I have once seen someone drink a measure that is as near as dammit to a 2/3 of a pint measure. Only the once. In Europe you can sell 1/3 of a litre and many bars offer that measure. The only person I have ever seen take it up was a four foot tall Japanese lady that weighed about 6 stone/ 38kg / 84 pounds wet through. It was in the Weisses Bräuhaus, and she didn’t know whether she liked beer and wanted to try the smallest one on offer. After her first small wheat beer she sank 4 more full sized ones before asking me to marry her. Upon telling her I was attached she proposed to my friend.

Having said all that I do have a strong opinion regarding weights and measures. As a customer I want things like price and quantity to be clear and unambiguous and would be more than happy to see all imperial weights and measures abolished including the great British pint. I have never understood why I was sent to school to learn stuff and was taught the metric system, yet live in a country that is partly metric and partly imperial. One or the other please, and as the rest of Europe use metric it makes sense in a single market to follow suit.

If you think you would get less beer if you bought half a litre, do the following experiment. Nick a pint pot from a pub. Go on, just do it. Just this once. Buy either a 500ml bottle or can of any beer of choice and pour it into the pint pot. You will notice you actually have more beer in the pint pot than a usual 568ml pint that you would buy in a pub. That’s because pubs rip you off with short measures and the froth is considered part of the pint. A continental half litre in a lined glass is actually more beer than a UK pub pint. Our European cousins with their metric lined glasses are getting what they paid for and we are getting stung.
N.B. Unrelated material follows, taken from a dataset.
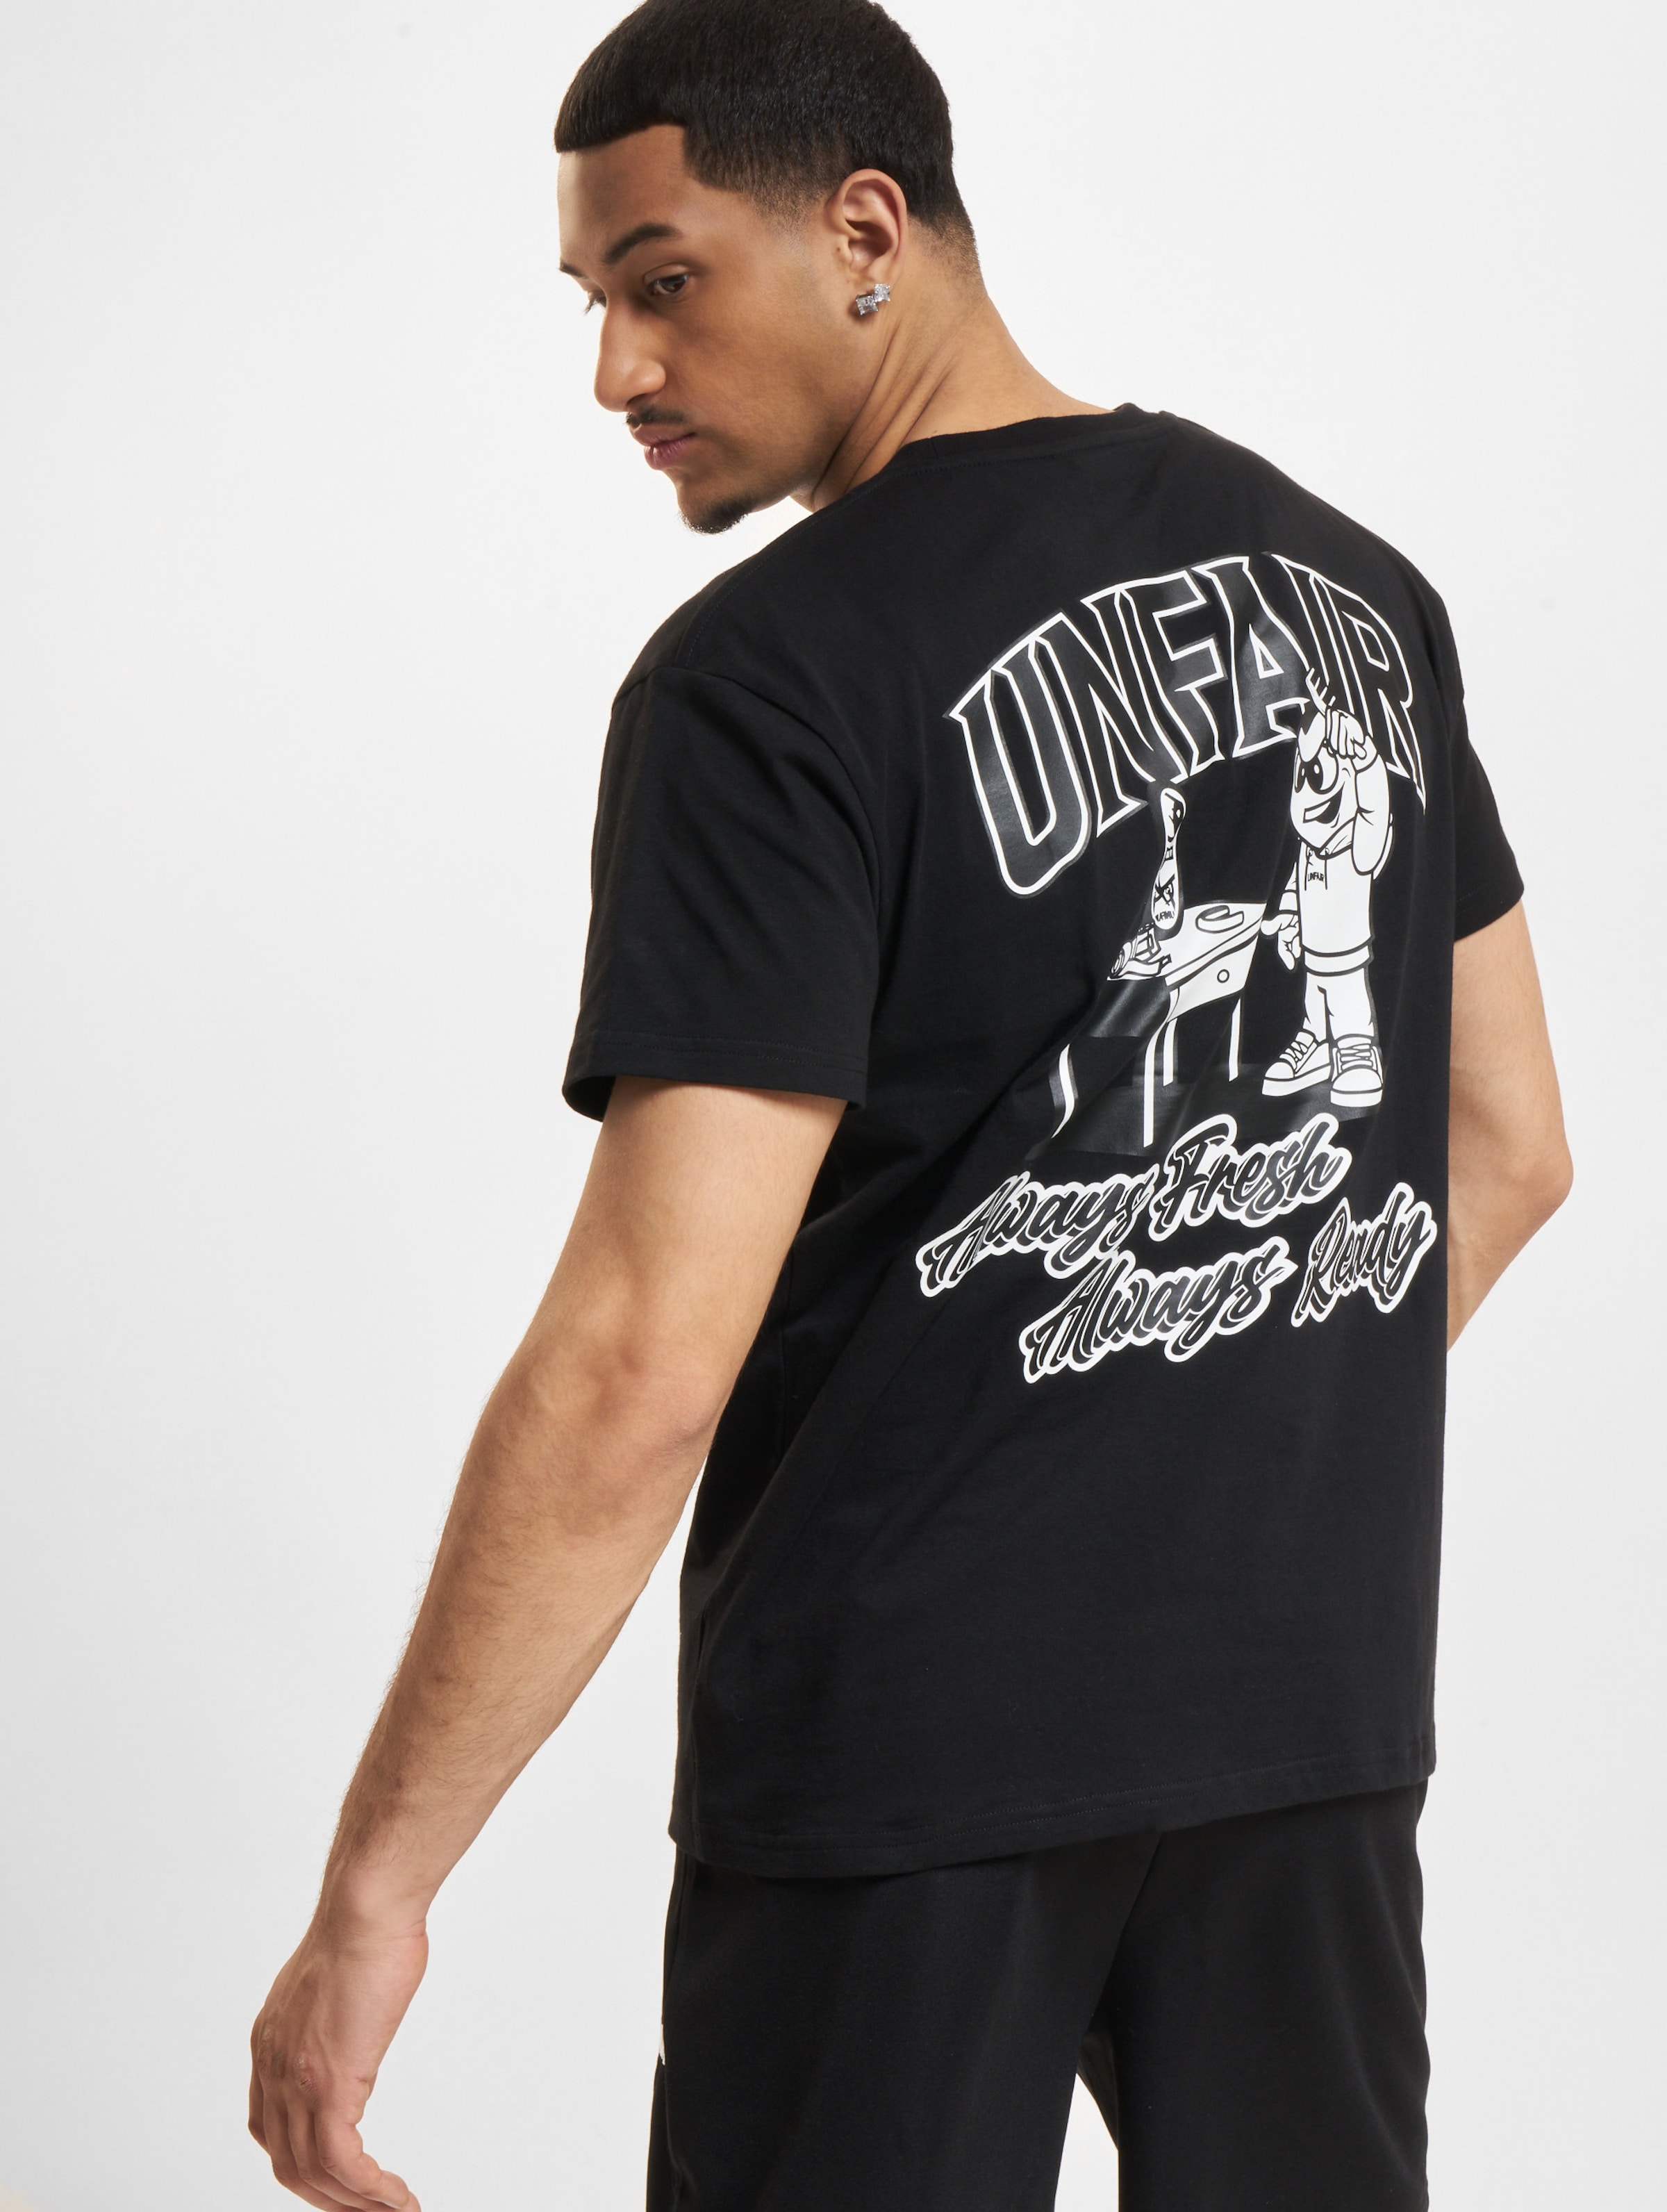 UNFAIR ATHLETICS Always Ready T-Shirt Männer,Unisex op kleur zwart, Maat XXL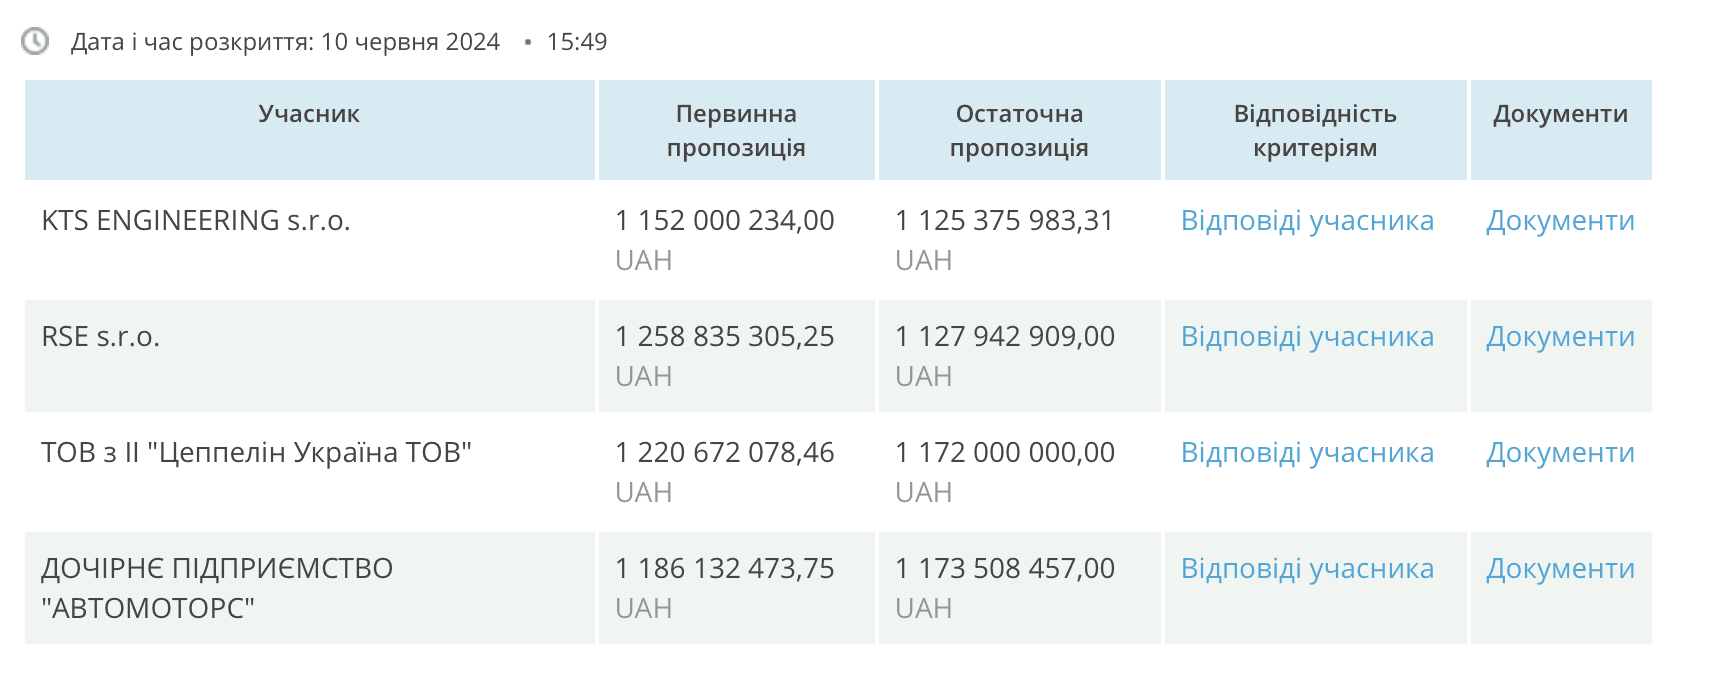 “Київтеплоенерго” закупило 15 австрійських міні-ТЕЦ на рекордні 1,12 млрд гривень

If that hasn’t convinced you ask yourself this. Why did we learn kilometres at school to live in a world where motorway signs denote miles? Why do I buy petrol by the litre but milk by the pint? It’s just plain weird and pointless. There is no point to the hangover of the old imperial system. Like the monarchy, once all the old timers have all died off and the rest of us wonder why they had such strange attachments we’ll no doubt get shut.